Баронесса так сжала зубы, что Агате казалось, что она слышит их треск.
— Что же, живи, как хочешь. Видят семь сестер, я сделала все, чтобы вырастить тебя достойной юной госпожой и не моя вина, что ты все же пошла по кривому пути. Ты всегда была диким, несносным ребенком. Из-за тебя… — теперь она почти шептала. — Из-за тебя Вероника не сможет надеть то платье, в котором я выходила за ее отца. Это ты его испортила!
— Мне очень жаль, что я тогда так поступила, — искренне ответила Агата. — И за это я прошу у вас прощения. Я была очень расстроена, что вы приказали убить моего ужа. Плакала тогда так сильно, что даже слезы в глазах закончилась. Мне было очень тяжело и одиноко, когда мы с отцом только перебрались в Арлею. Нянюшка, которая меня воспитала, незадолго до этого умерла. Отец был занят либо делами, либо вами с Вероникой и не уделял мне столько времени, как это было всегда. Та змея была моим единственным другом, самым дорогим мне существом, и вы лишили меня его. Неужели у вас совсем нет сердца, что вы решили убить беззащитное, слабое и невинное создание, не несущее никакого вреда и неспособное себя защитить?
— Ах, я этого не вынесу, — прошептала мачеха, прикрывая глаза ладонью. — Никто не убивал эту тварь. Я приказала слугам вынести ее в поле и там отпустить. Тебе было сказано, что ее убили, чтобы ты больше не смела тащить в дом всякую гадость.
— Правда?! — удивленно и взволнованно воскликнула Агата.
Пипа зашевелилась у нее под корсажем, и она прижала руку к груди, чтобы ее утихомирить. Камень висевший много лет у нее на сердце, вдруг пошел трещинами и рассыпался в пыль. Наверняка, тот уж уже давно погиб от старости, но теперь она могла надеяться, что он прожил достойную змеиную жизнь и оставил множество потомков.
Говорить им было больше не о чем, и Агата, поднявшись пошла к двери, но застыла на полпути, ошарашенная мыслью до того, не приходившей ей в голову и, обернувшись, спросила:
— Скажите, почему вы никогда не использовали на мне свой дар? Вы уже способны нравиться людям так, чтобы они не могли устоять перед вашим очарованием. Со мной вы абсолютно точно ничего такого никогда не делали.
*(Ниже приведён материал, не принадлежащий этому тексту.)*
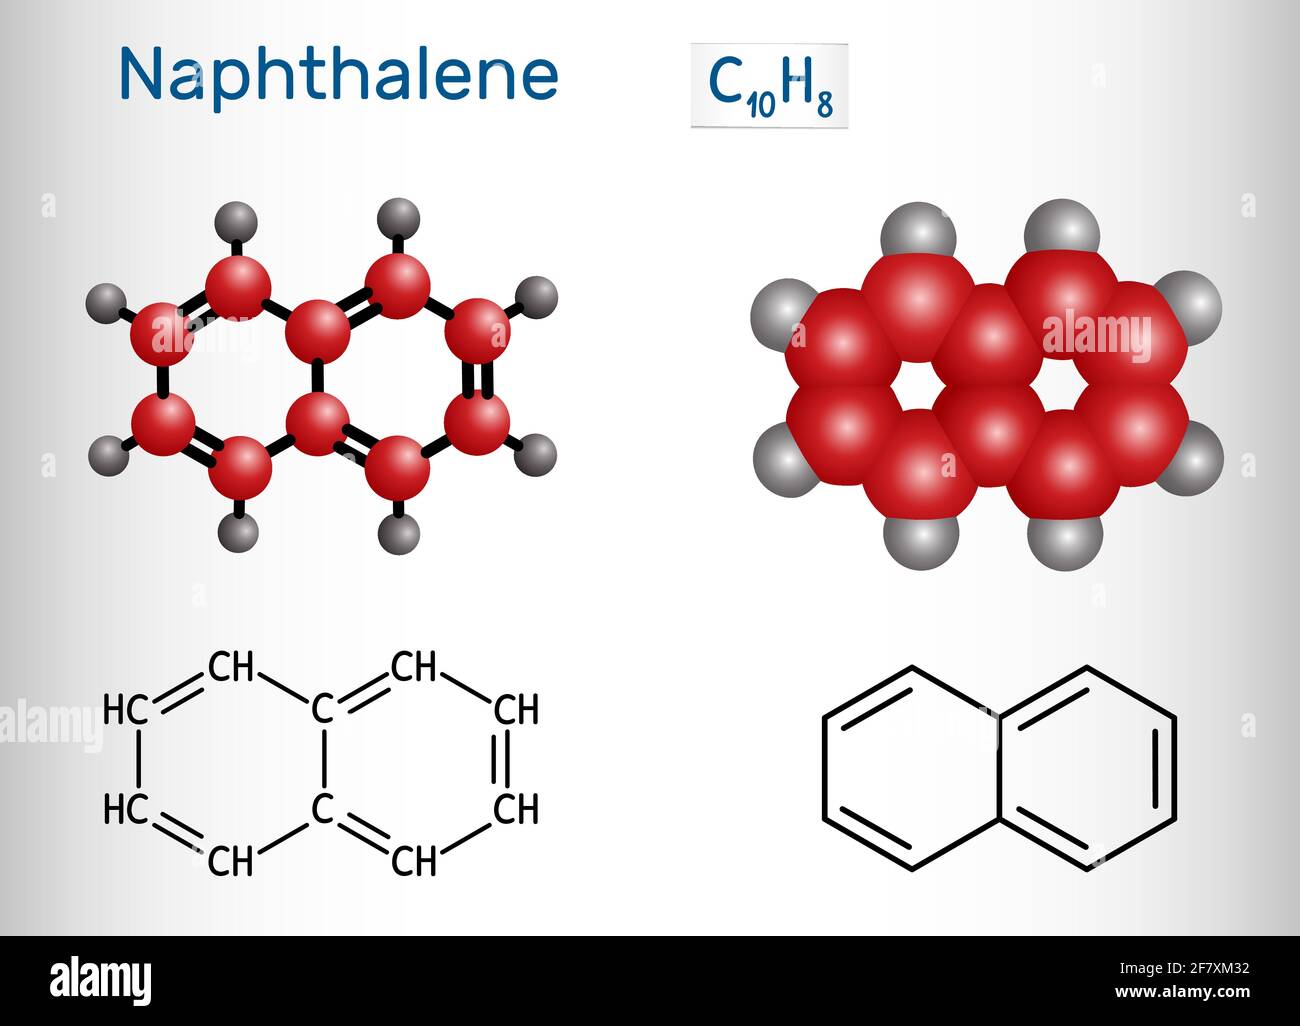 Naphthalin-Molekül. Es handelt sich um aromatischen Kohlenwasserstoff, der aus zwei geschmolzenen Benzolringen besteht. Strukturelle chemische Formel und Molekülmodell. Vektorgrafiken Stock Vektor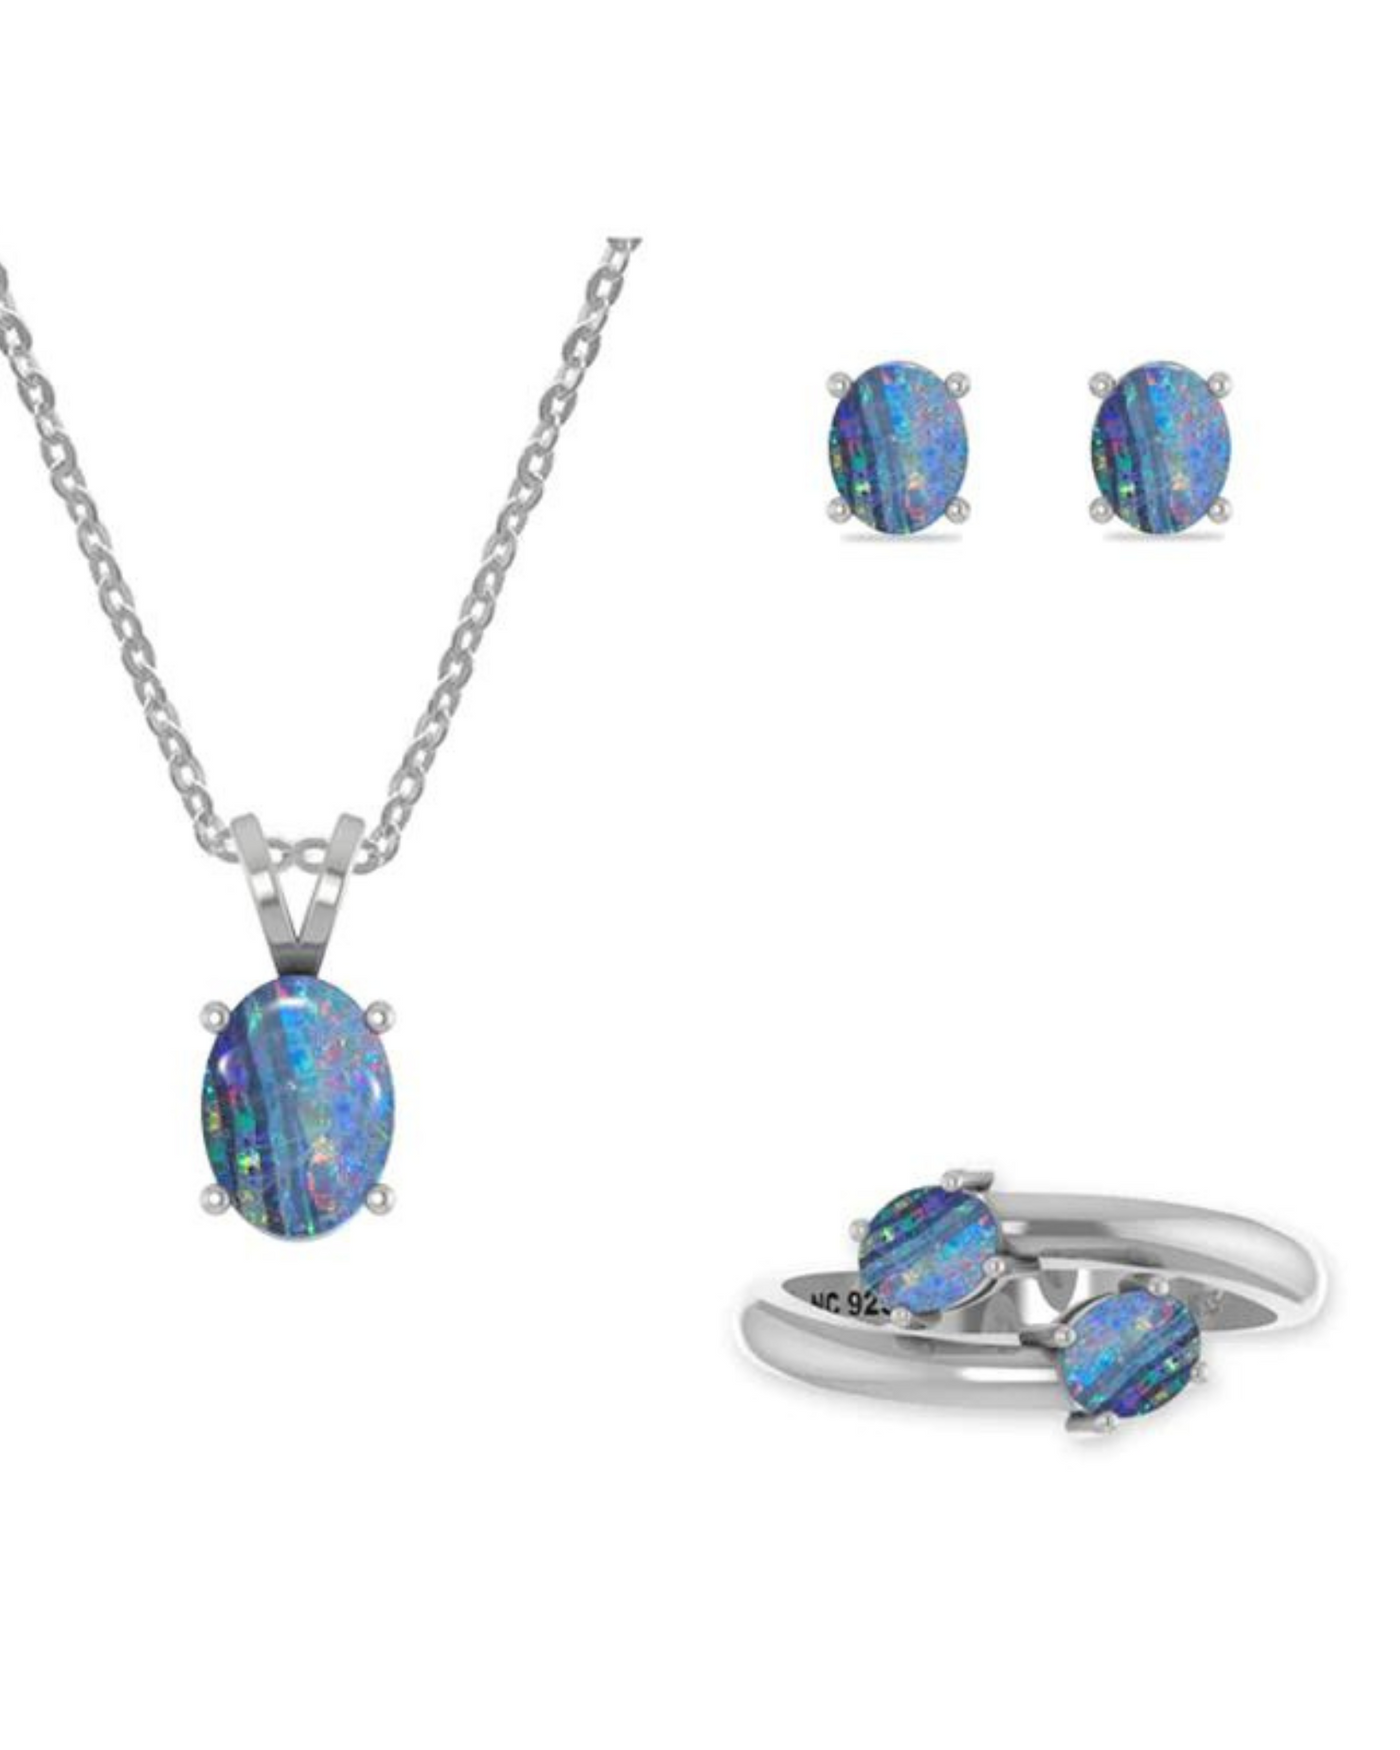 Australian Opal Jewellery Silver Set 925

Баронесса отняла руку от лица и посмотрела на нее уставшим и потухшим взглядом.
— Это не дар, а проклятие, если хочешь знать, — сказала она. — С ним ты никогда не знаешь искренне ли тебя любят, или лишь подчиняются твоей силе. Когда-то, после всего, что случилось в моей юности, я поклялась отказаться от дара, и больше его не использовать. Возможно, Капуцеры были правы в том, что не каждый дар полезен и не каждый стоит использовать.
Агату пронзило странное чувство. С одной стороны, она могла понять мачеху, и была даже благодарна той, за то, что она не стала применять свой на дар на отце и на ней самой. С другой же стороны, ей было ее жаль. Как эта женщина могла принять Агату и ее дар, если она даже не принимала себя?